• _Work to complete_: Would you output all the lines below precisely as they stand, leaving each picture out?

• _Supplied information_:

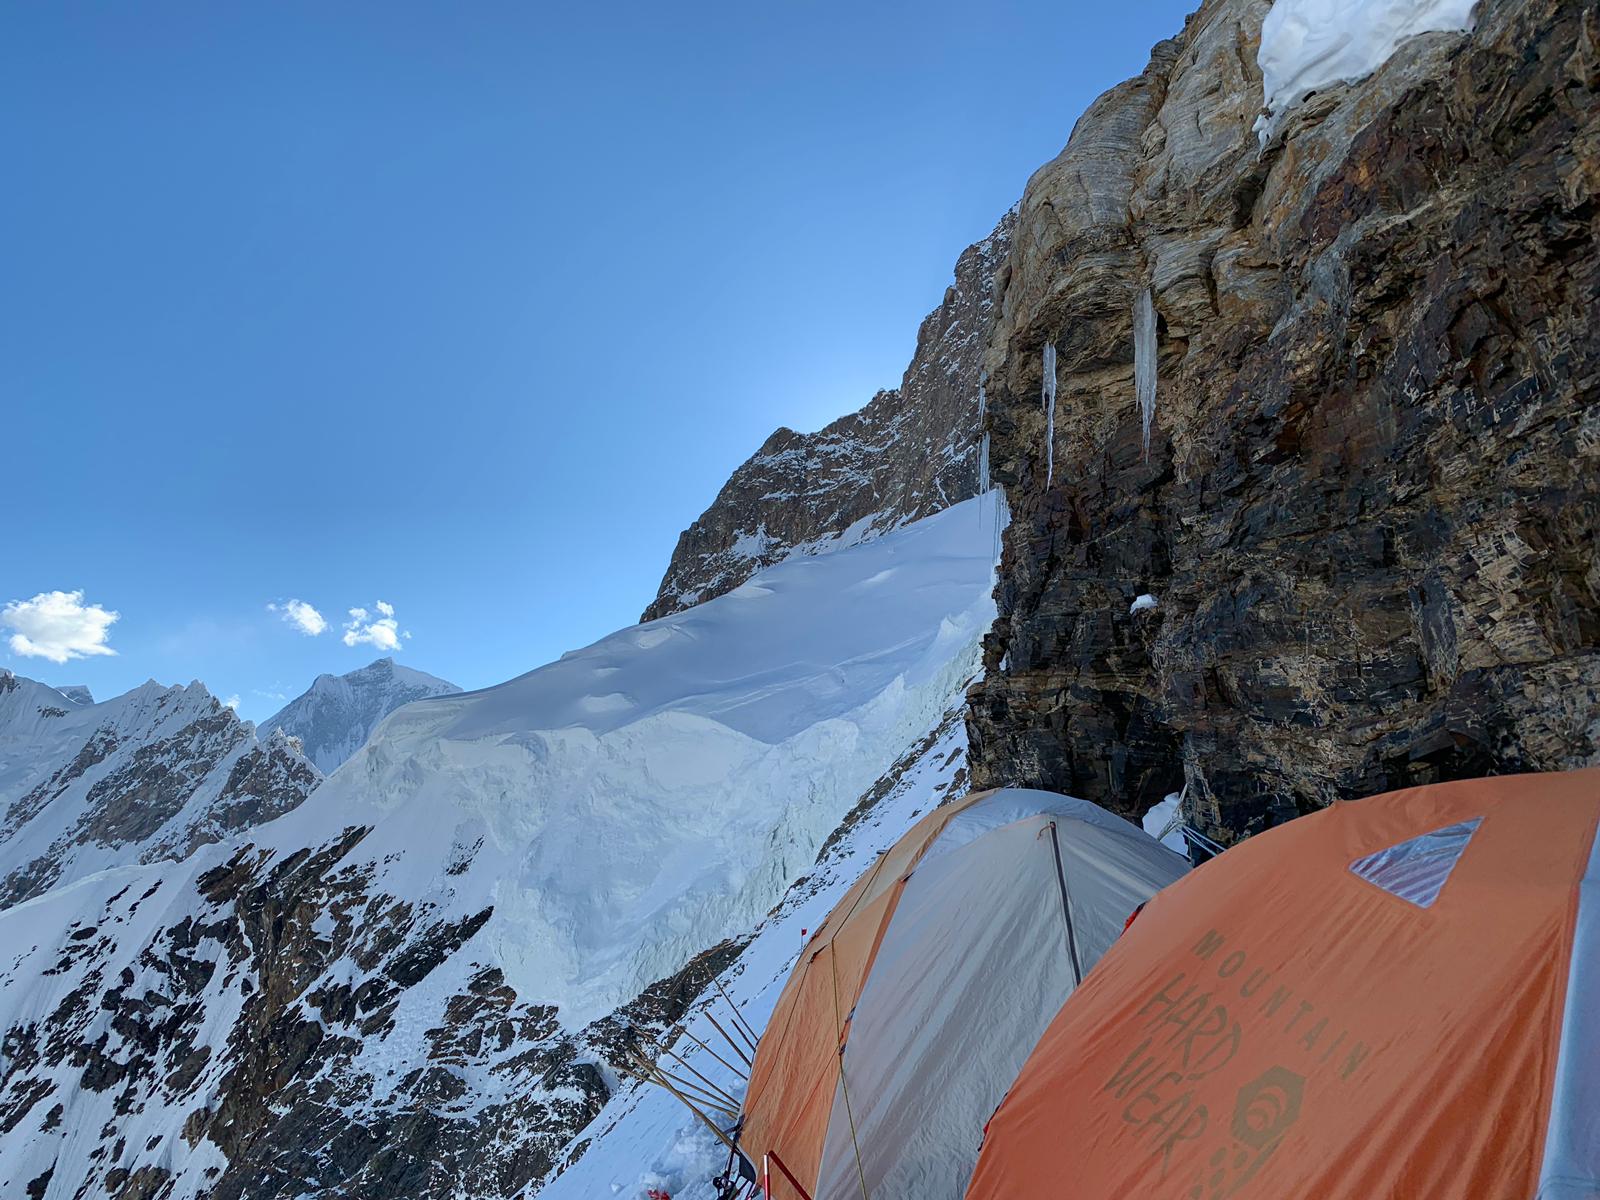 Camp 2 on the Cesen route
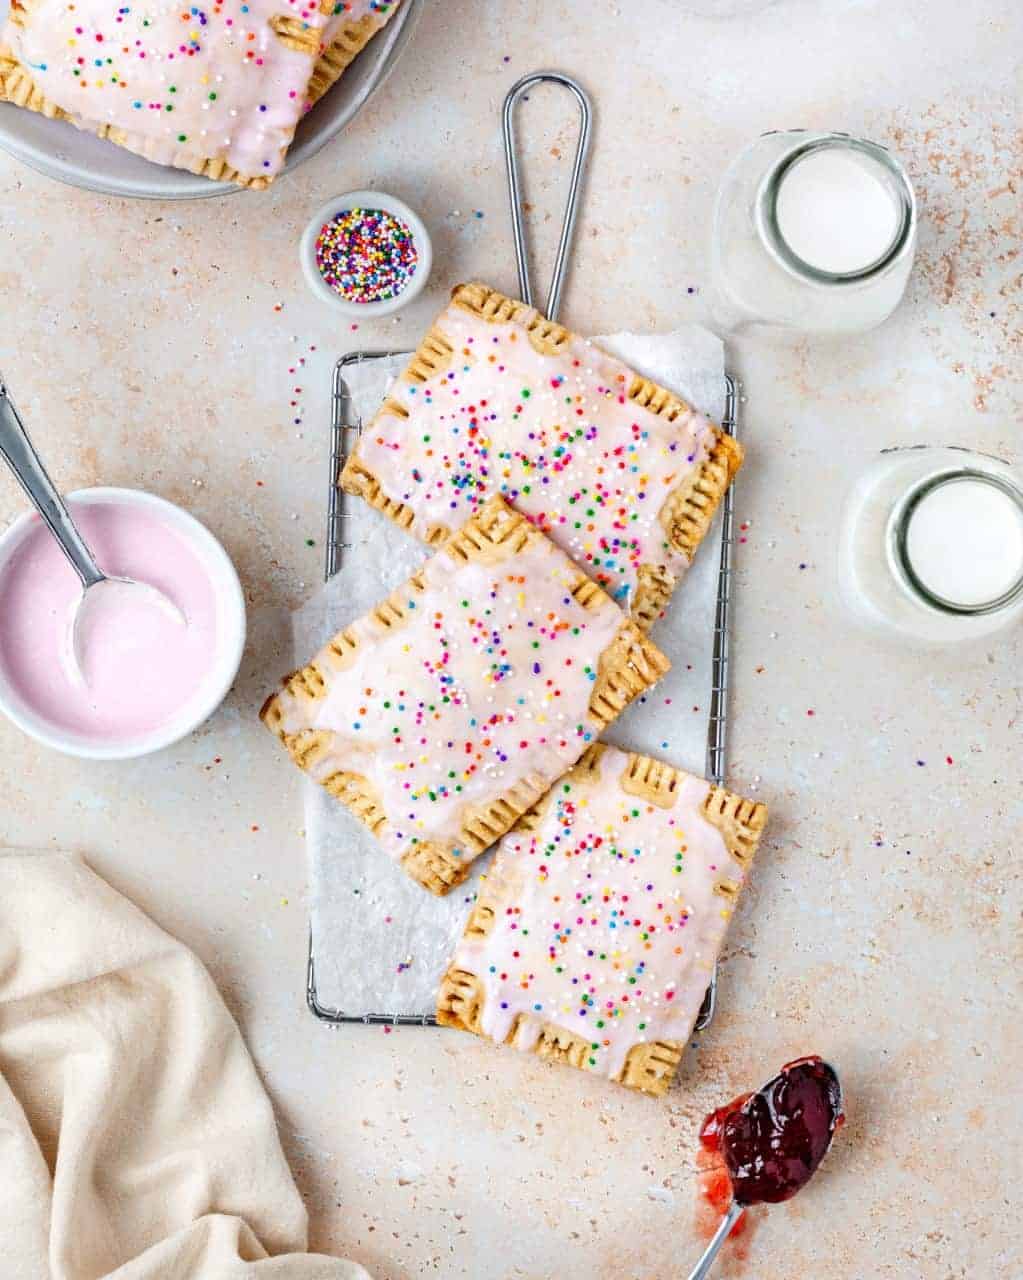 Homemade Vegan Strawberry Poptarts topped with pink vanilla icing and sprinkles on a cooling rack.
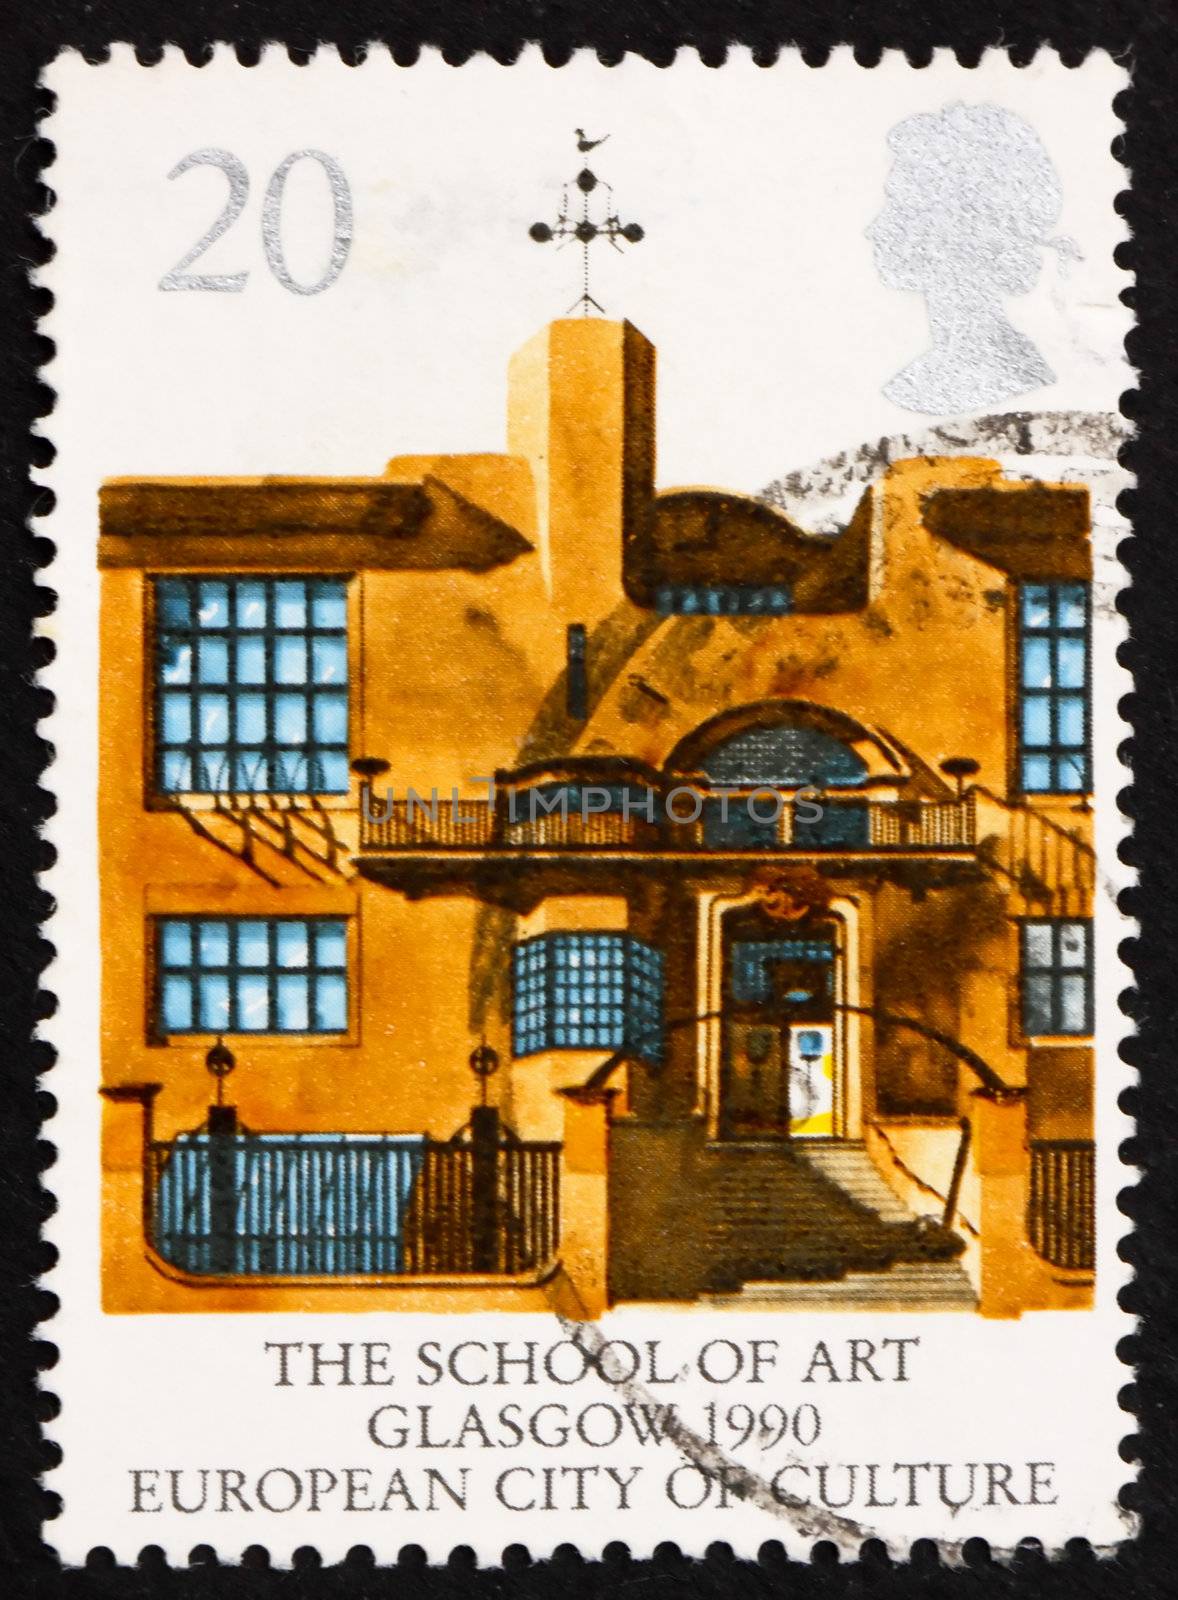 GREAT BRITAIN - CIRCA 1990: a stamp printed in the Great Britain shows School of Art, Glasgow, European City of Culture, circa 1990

• _Output of the task_:
 Camp 2 on the Cesen route
 Homemade Vegan Strawberry Poptarts topped with pink vanilla icing and sprinkles on a cooling rack.
 GREAT BRITAIN - CIRCA 1990: a stamp printed in the Great Britain shows School of Art, Glasgow, European City of Culture, circa 1990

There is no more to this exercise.